I've heard of one caught out of there, but never seen one in real life so... I couldn't tell ya if there's a difference or not. Never seen one.


----------



## Burks (Jun 22, 2011)

We had another good night.

I landed a 44", 22lb slender muskie. He hit my Fire Tiger jerkbait like a freight train. I'm also loving my larger spinning rod/reel combo from Dicks ($45 Daiwa combo on sale for $20) with 65lb braided line. The braided line is a bit "different" to fish with, but I'm getting used to it. I have more confidence in moving the fish around to land it, where before with my light action rod/reel it was more of "hoping" they didn't do something goofy.

We had multiple fish on but they threw the hook, one of which hit the bait so hard he came completely out of the water (we estimate a low 40's). Another which hit the bait and immediately broke the line (that'll teach people to not use a heavy leader!). 

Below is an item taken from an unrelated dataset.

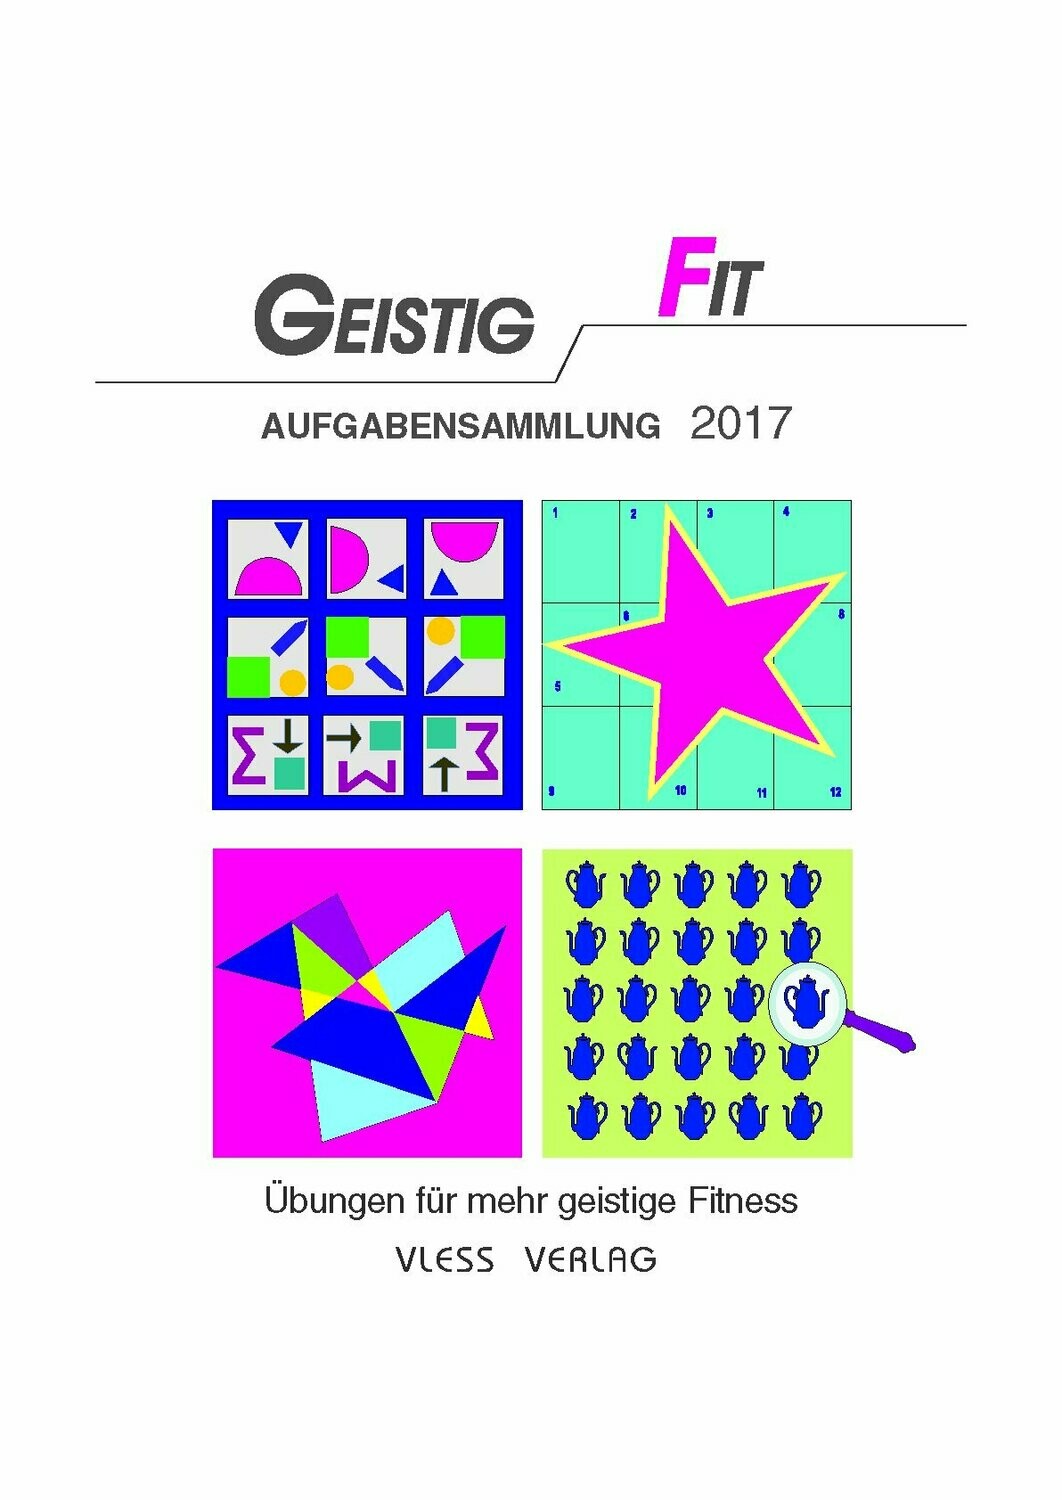 GEISTIG FIT Aufgabensammlung 2017

I can't wait until next year when we have a boat to hit the open water of Clear Fork.......and a new assortment of homemade lures.


----------



## Michael Parsons (Jul 8, 2011)

Yeah. Never used braided line... But i heard it's good. Heavier line is probably a better choice for muskie anyways because they fight so hard. Even a small muskie (about 10" to 15") could easily break line that's around 20 to 30 pound test. They're good fighters from what i hear. And... If you get the boat, Good luck! Hope you catch some bigger ones than the 44" you had mentioned!


----------



## Excal (Jul 3, 2011)

Are you allowed to night fish at Clearfork from the shore?I thought I seen a sign where it said no one after dark or something like that.I really want to try it if I can....
Hopefully someone can answer this quick cause I was gonna go at 7 tonight and fish till 11 if it is legal to do so.


----------



## Burks (Jun 22, 2011)

I *think* the picnic areas you cannot. There are a lot of spots that you can just park on the side of the road and walk to a fishing spot. We've had the warden come out a few times and just chit chat with us, so I'm just assuming it's the picnic areas.


----------



## mossboss (Aug 3, 2005)

Whats the boat traffic like on a weekend? Crazy like alum or a little more laid back?


----------



## Michael Parsons (Jul 8, 2011)

I don't fish at Clearfork a lot but usually it's pretty moderate. It's not loaded but there's always boats out.


----------



## Michael Parsons (Jul 8, 2011)

Yeah. Picnic Areas lock up at around 7 or 8.


----------



## Excal (Jul 3, 2011)

Ya you are right.Closed at dark,only the picnic areas.
We didn't catch squat the other day there...Well we did catch weeds alot.
It seemed they were everywhere we casted.Even the weedless lures had a really rough time.


----------



## JamesT (Jul 22, 2005)

Very impressive on those shore muskie! Good luck finding some more.


----------